### GIVEN ENTRIES
* * * * *
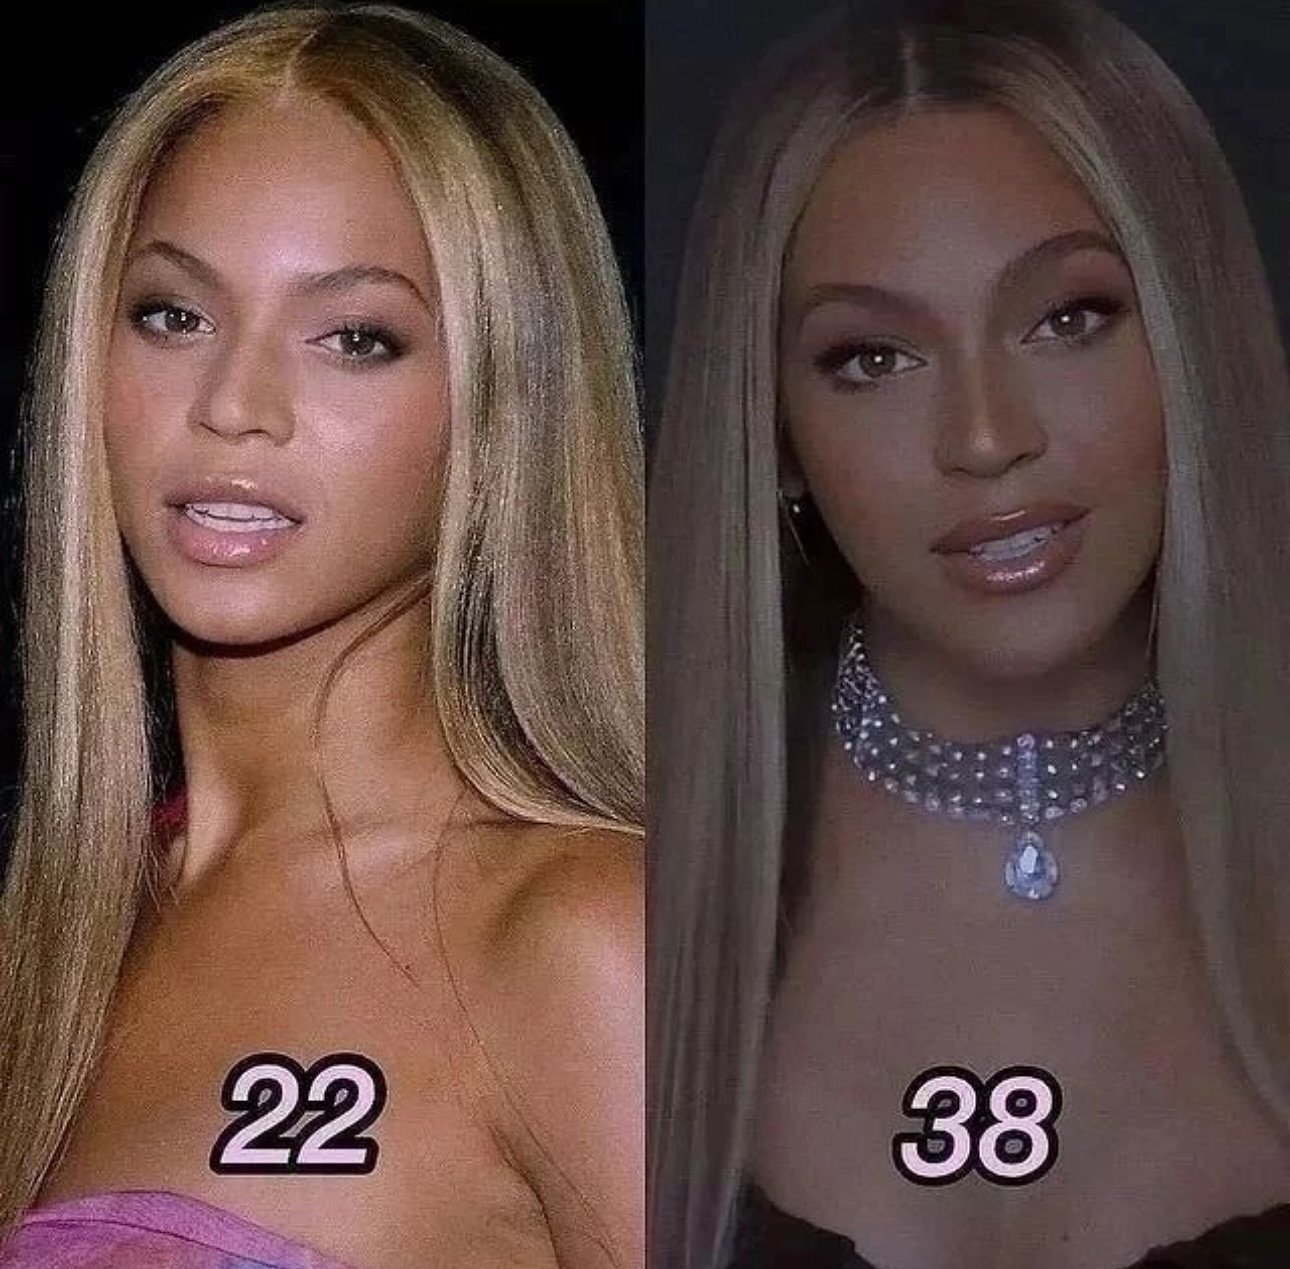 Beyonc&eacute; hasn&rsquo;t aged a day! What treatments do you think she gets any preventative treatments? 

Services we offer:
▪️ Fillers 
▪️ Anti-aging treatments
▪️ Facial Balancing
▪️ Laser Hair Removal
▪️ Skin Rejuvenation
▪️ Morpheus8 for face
* * * * *
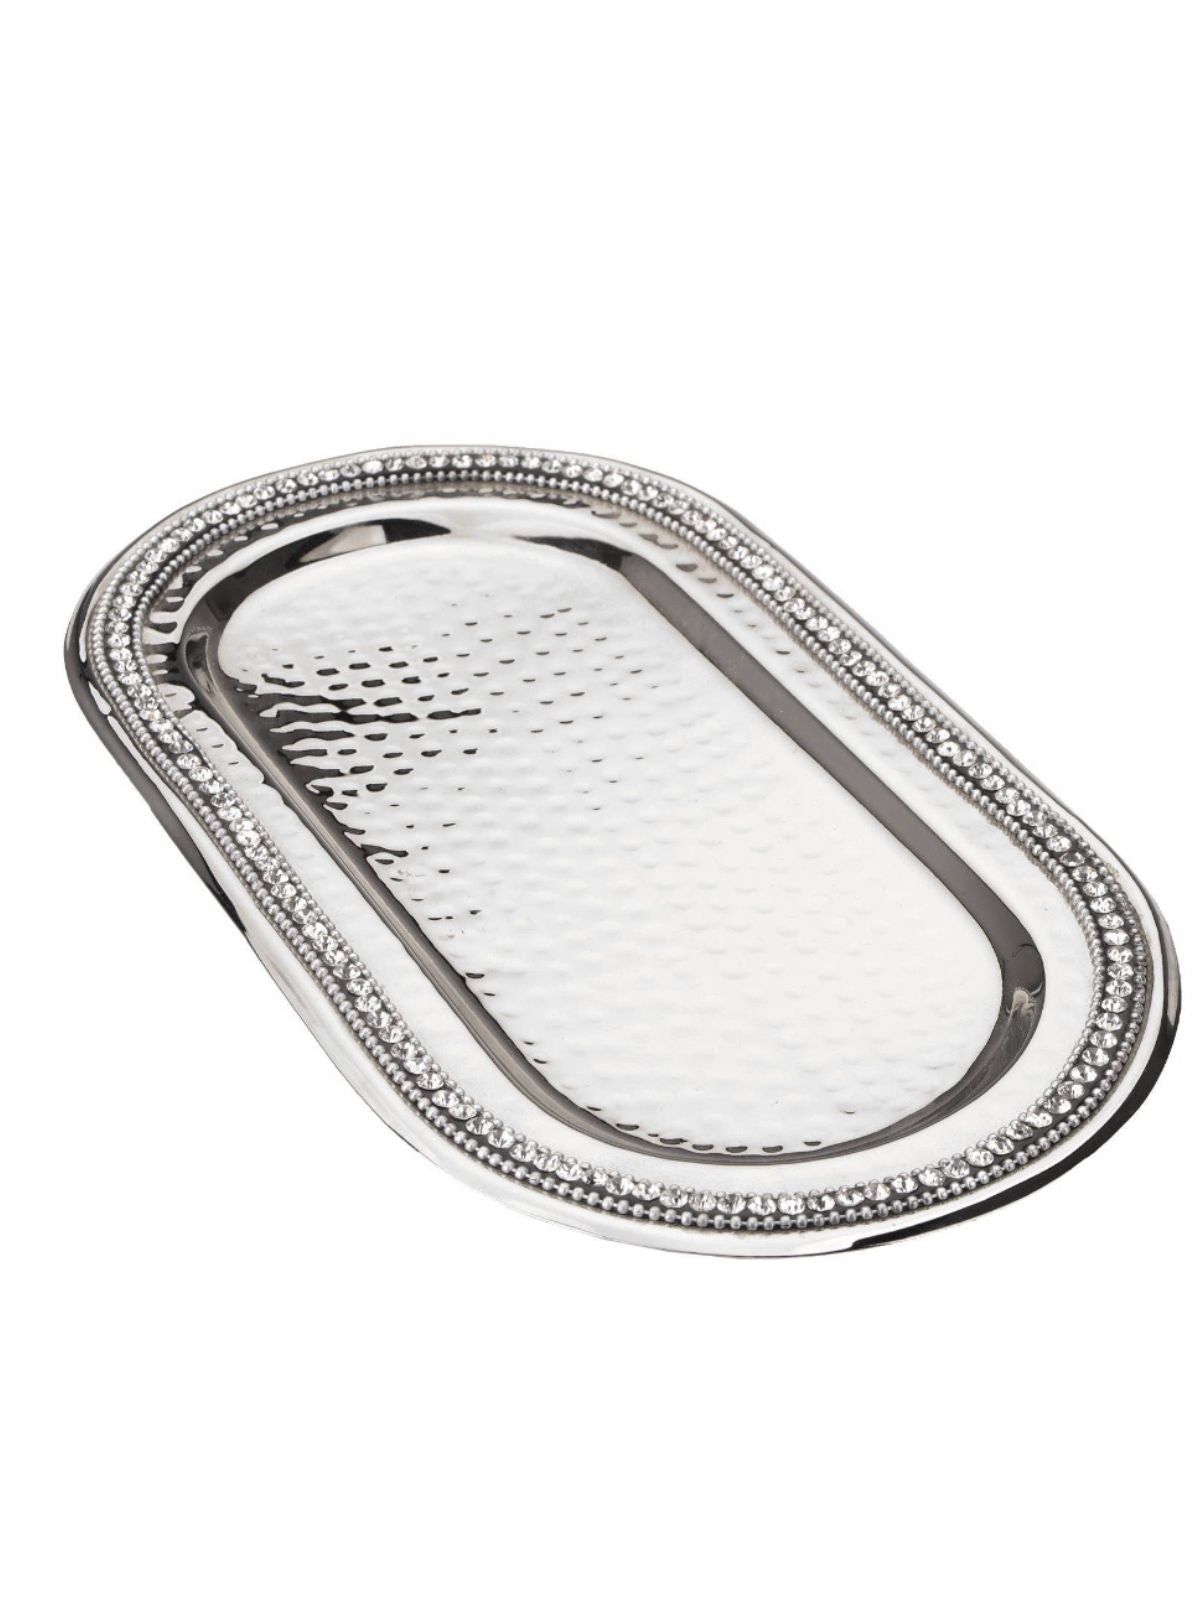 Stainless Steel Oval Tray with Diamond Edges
* * * * *
### WHAT YOU WILL DO
Extract the part of the records that opens with the line containing "Beyonc&eacute; hasn&rsquo;t aged" and closes with the line containing "Morpheus8 for face". Take only those lines, exactly, and no pictures.

### ANSWER BELOW
 Beyonc&eacute; hasn&rsquo;t aged a day! What treatments do you think she gets any preventative treatments? 

Services we offer:
▪️ Fillers 
▪️ Anti-aging treatments
▪️ Facial Balancing
▪️ Laser Hair Removal
▪️ Skin Rejuvenation
▪️ Morpheus8 for face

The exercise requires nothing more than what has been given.